Understanding the Problem

We have a cylinder with a volume \( V \) filled with an ideal fluid of density \( p \). The cylinder has a cross-sectional area \( A \), and we want to empty it in a time \( T \) using a constant force. The work done in this scenario will depend on the weight of the fluid being moved and the distance over which it is moved.

Calculating the Weight of the Fluid

The weight of the fluid can be calculated using the formula:

  • Weight \( W = \text{mass} \times g \)
  • Mass \( m = p \times V \)

Thus, the weight of the fluid becomes:

W = p \times V \times g

where \( g \) is the acceleration due to gravity (approximately \( 9.81 \, \text{m/s}^2 \)).

Volume Flow Rate

Next, we need to determine how quickly the fluid is being emptied. The volume flow rate \( Q \) can be expressed as:

Q = \frac{V}{T}

This tells us how much volume is being moved per unit time.

Distance Moved by the Fluid

To find the distance the fluid is lifted or moved, we need to consider the height \( h \) of the fluid column in the cylinder. The height can be calculated from the volume and cross-sectional area:

h = \frac{V}{A}

When emptying the cylinder, the fluid will be moved a distance equal to this height.

Work Done to Empty the Cylinder

The work done \( W_d \) against gravity to lift the fluid to the top of the cylinder is given by:

W_d = W \times h

Substituting the expressions for weight and height, we get:

W_d = (p \times V \times g) \times \left(\frac{V}{A}\right)
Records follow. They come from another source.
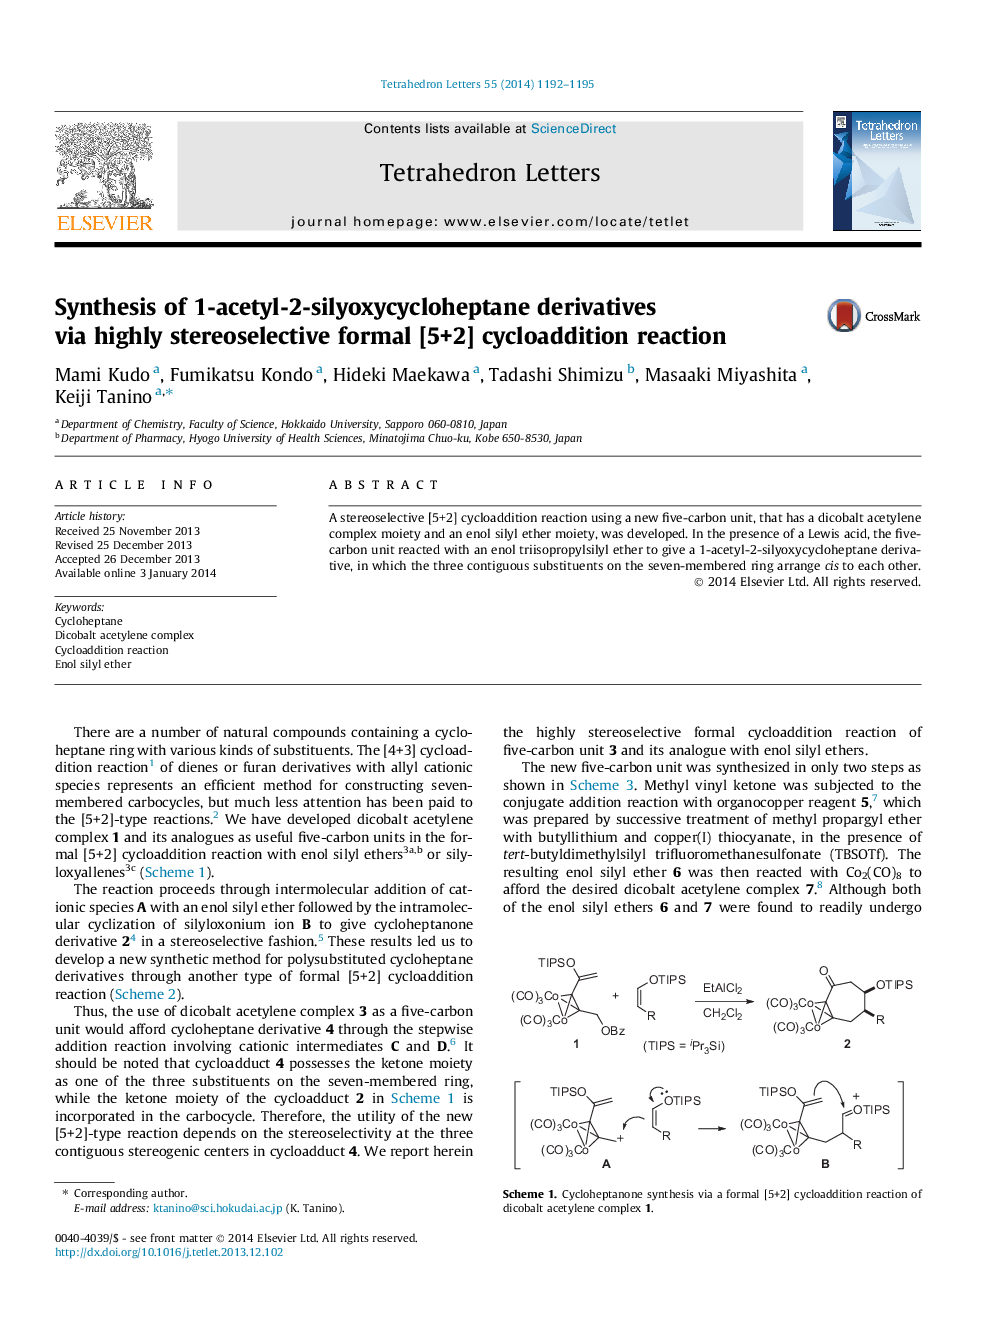 سنتز مشتقات 1-استیل-2-سیلویکسسی سیلوهپتان به وسیله واکنش سیکل جاذب رسمی [5 + 2] 
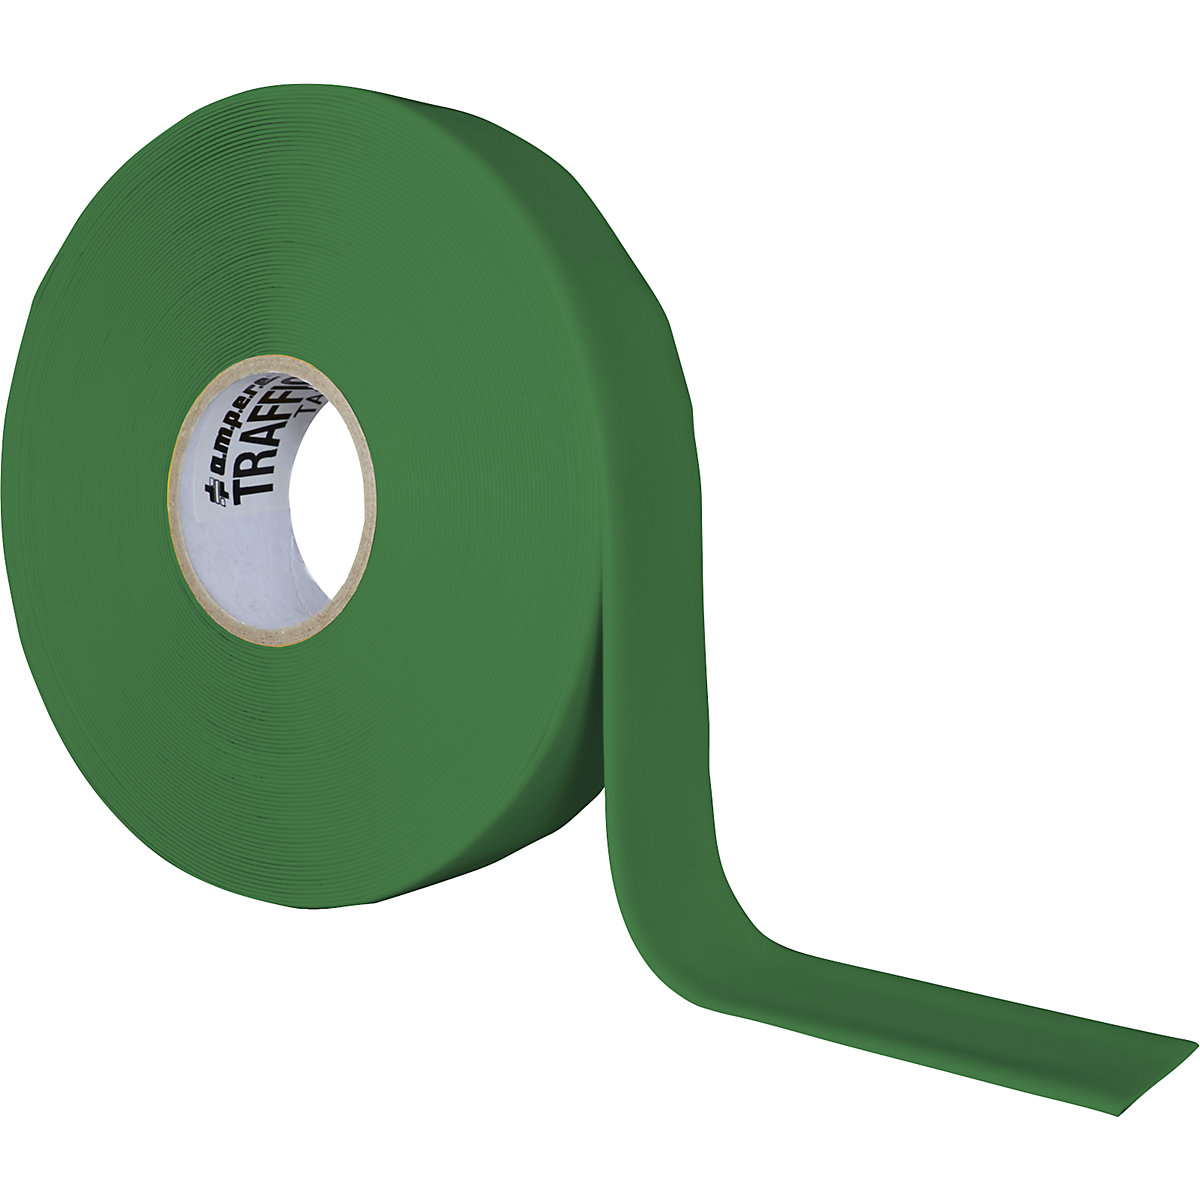 Fita de marcação para o chão, extra forte – Ampere, largura 50 mm, verde-6
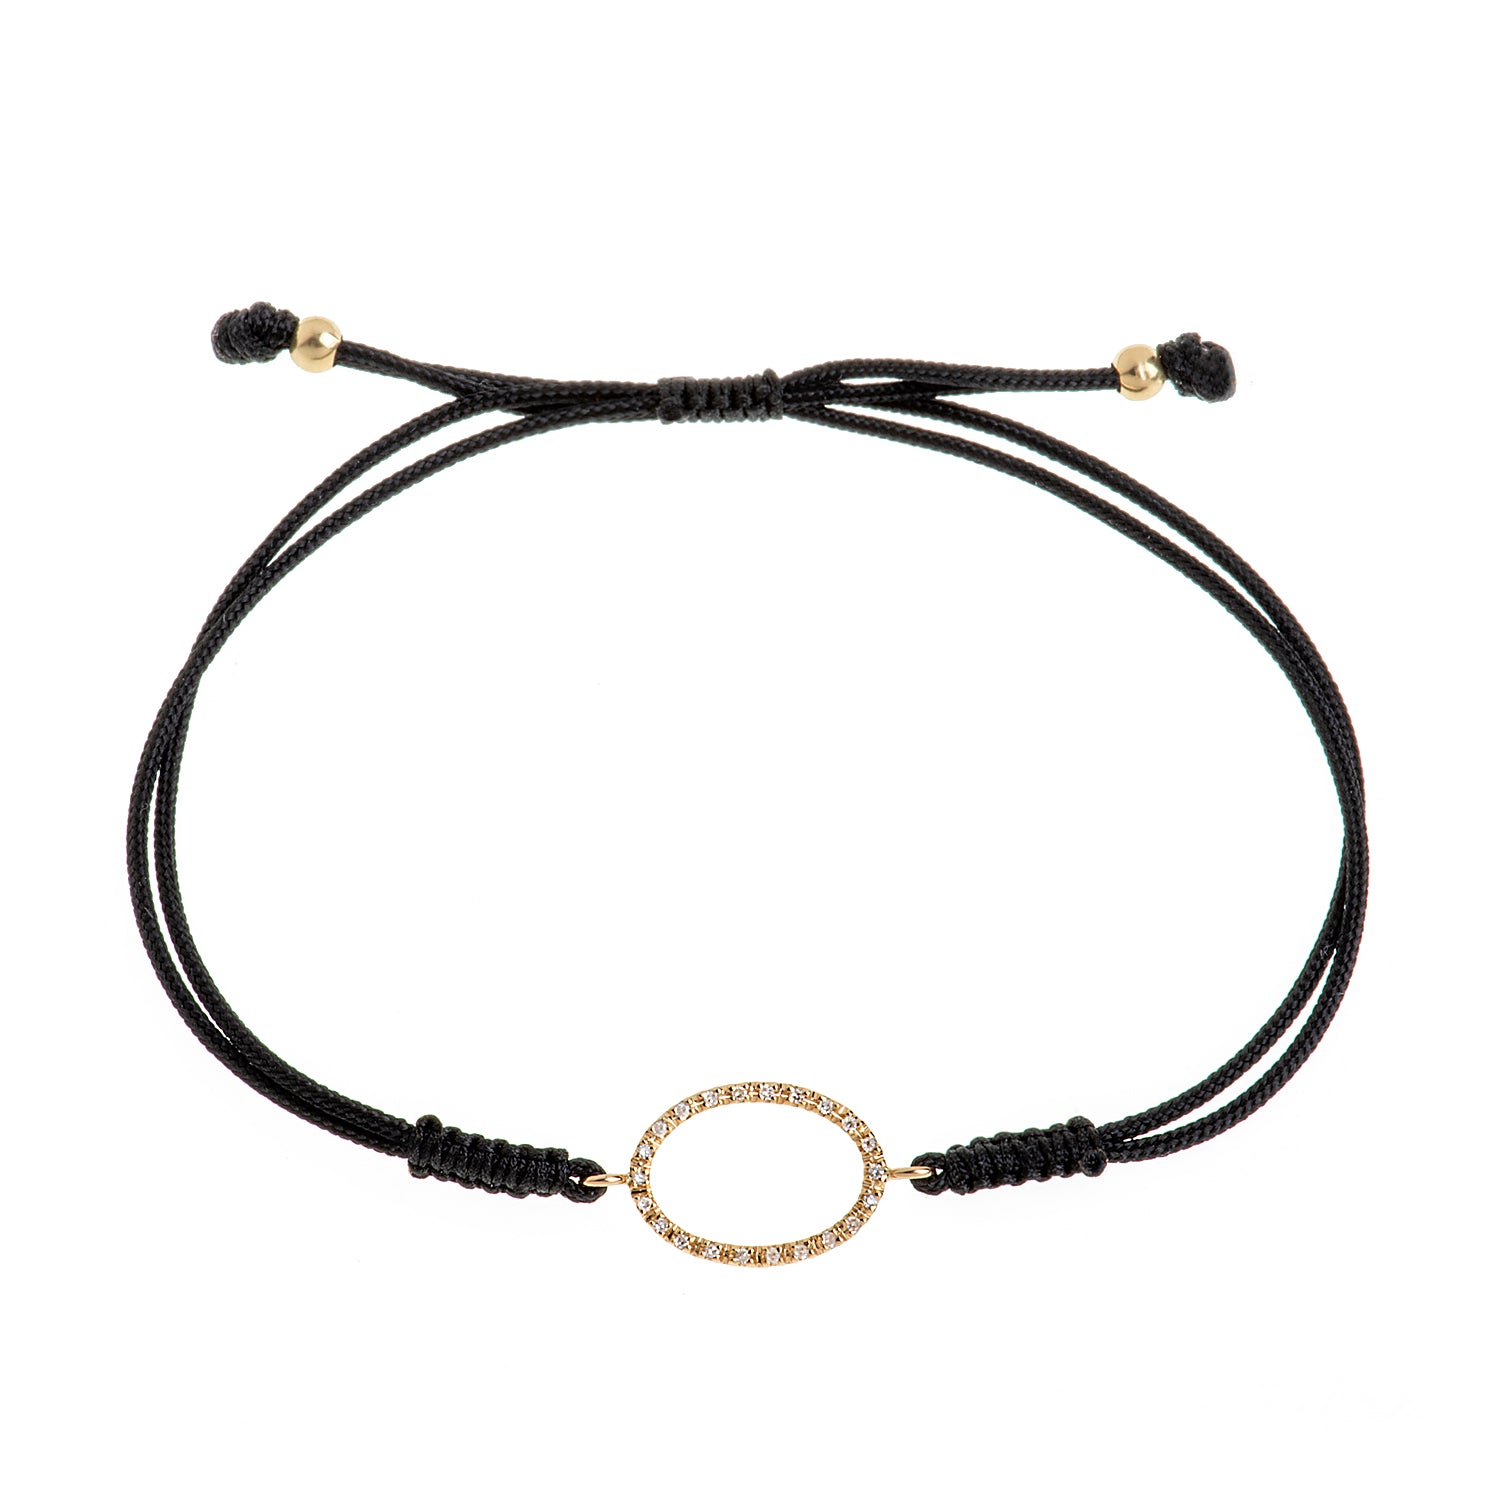 Oval Cord Bracelet
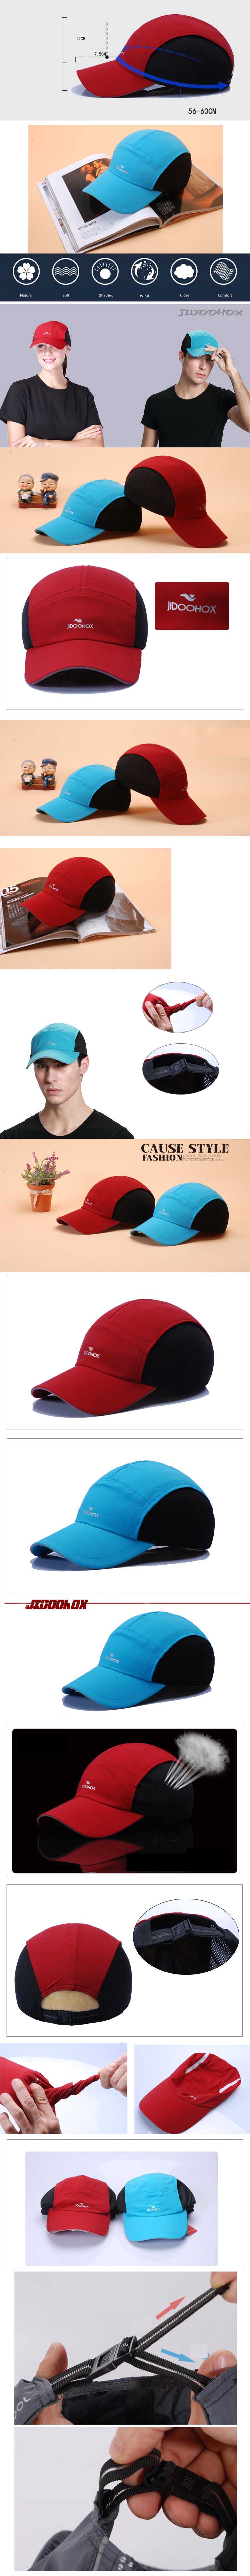 jual topi pria model casual terbuat dari bahan polyester berkualitas nyaman dipakai tidak panas, temukan koleksi topi pria terlengkap online hanya di sini
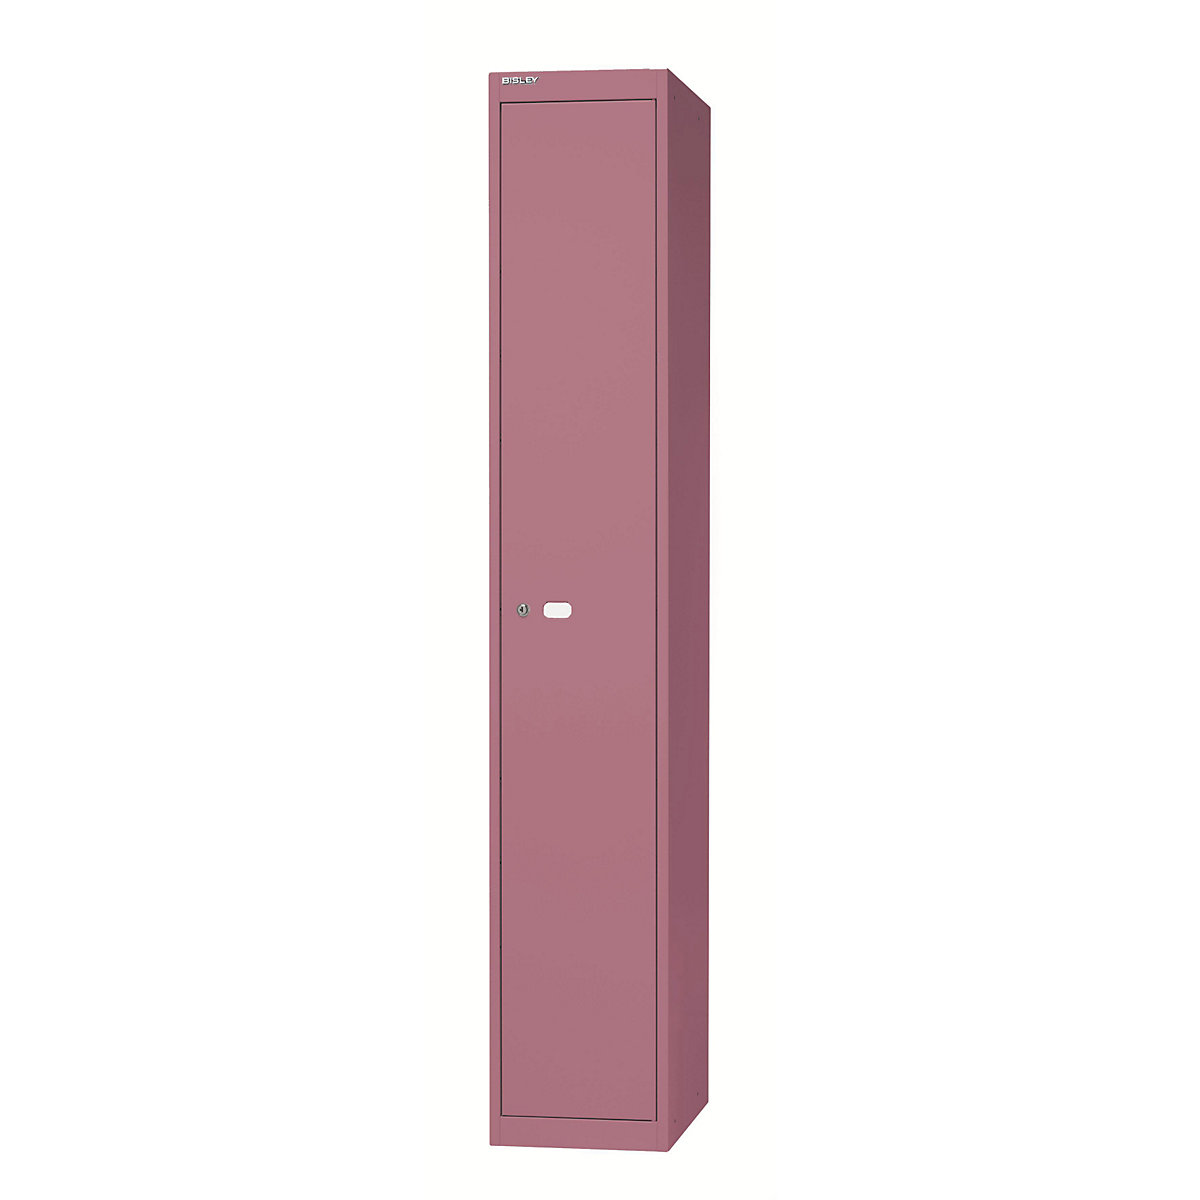 BISLEY OFFICE Garderobensystem, 1 Abteil, Tiefe 457 mm, mit 1 Hutfachboden, 1 Kleiderstange, pink
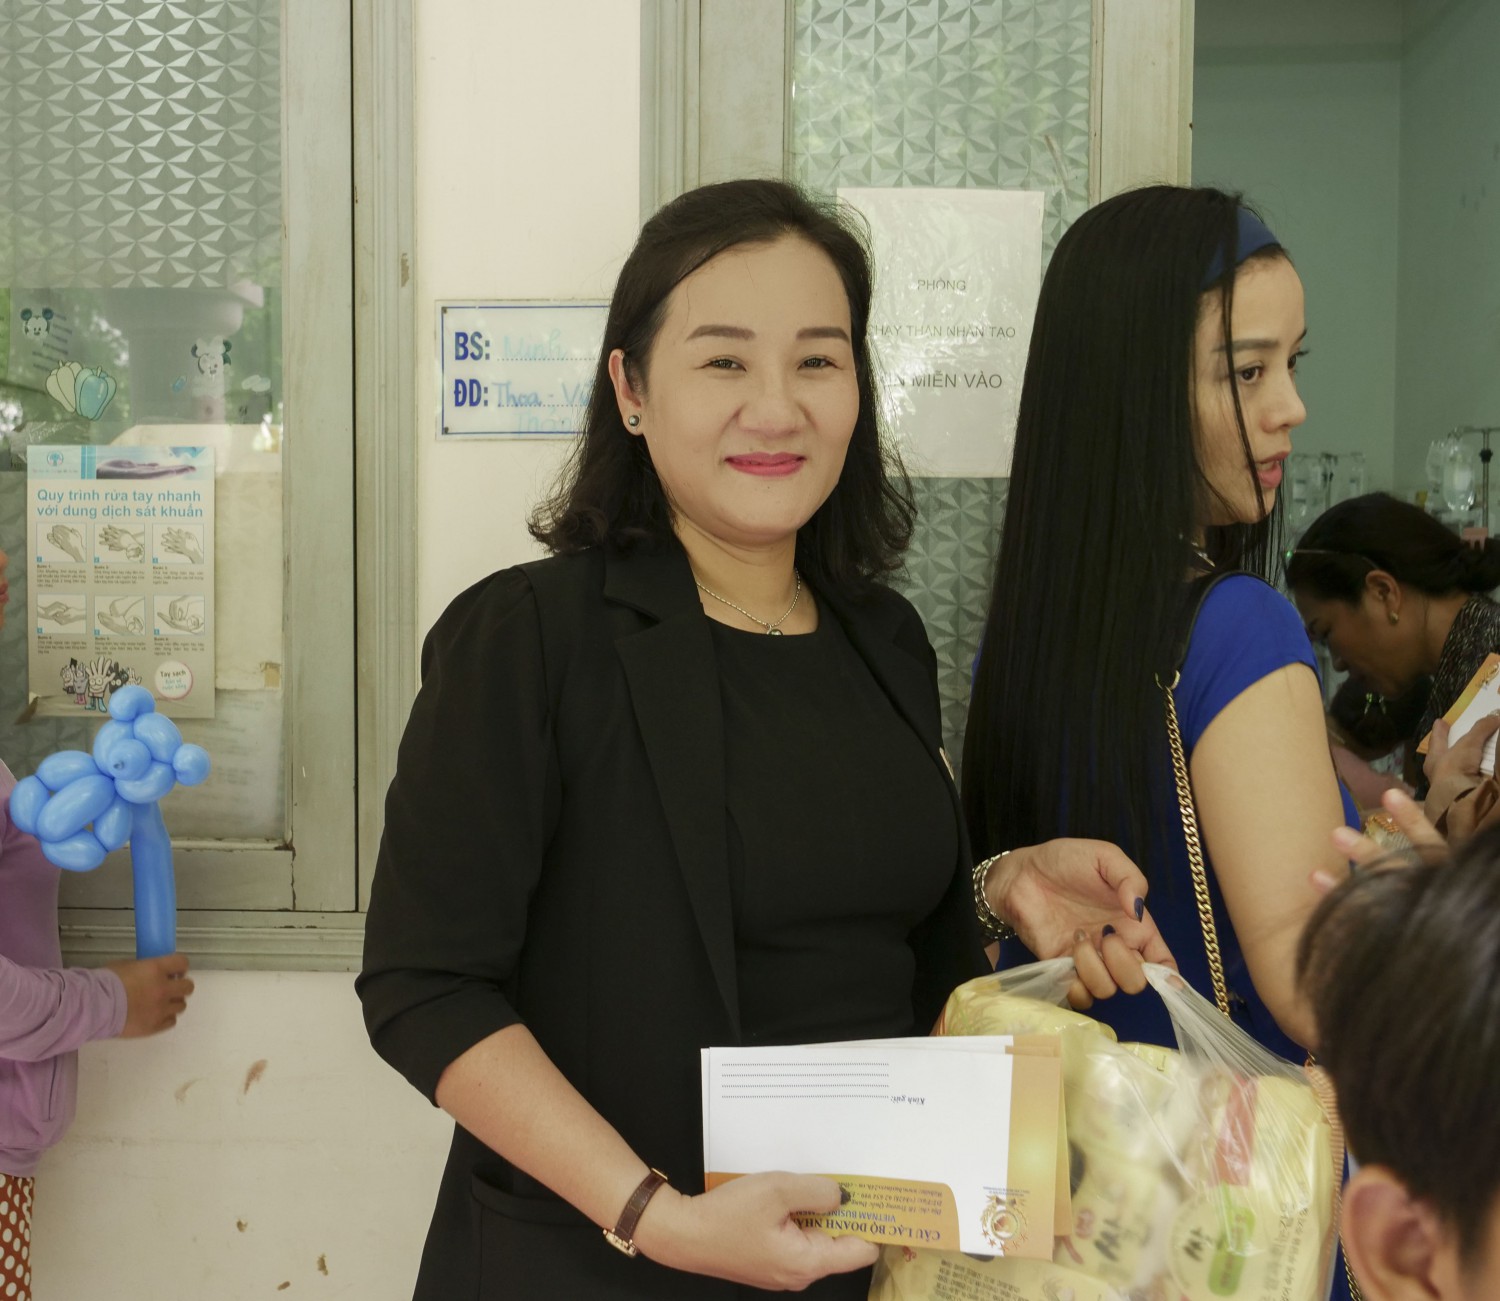 Doanh nhân Quách Thị Loan cũng có mặt rất sớm để tham gia trao quà cùng CLB

Thus, the work done becomes:

W_d = \frac{p \times g \times V^2}{A}

Final Expression

In summary, the total work required to empty the cylinder under the action of a constant force, given the parameters of volume \( V \), density \( p \), cross-sectional area \( A \), and time \( T \), can be expressed as:

W_d = \frac{p \times g \times V^2}{A}

This formula encapsulates the relationship between the physical properties of the fluid and the work required to move it. Understanding these concepts not only helps in solving this problem but also provides insight into fluid dynamics and the principles of work and energy in physics.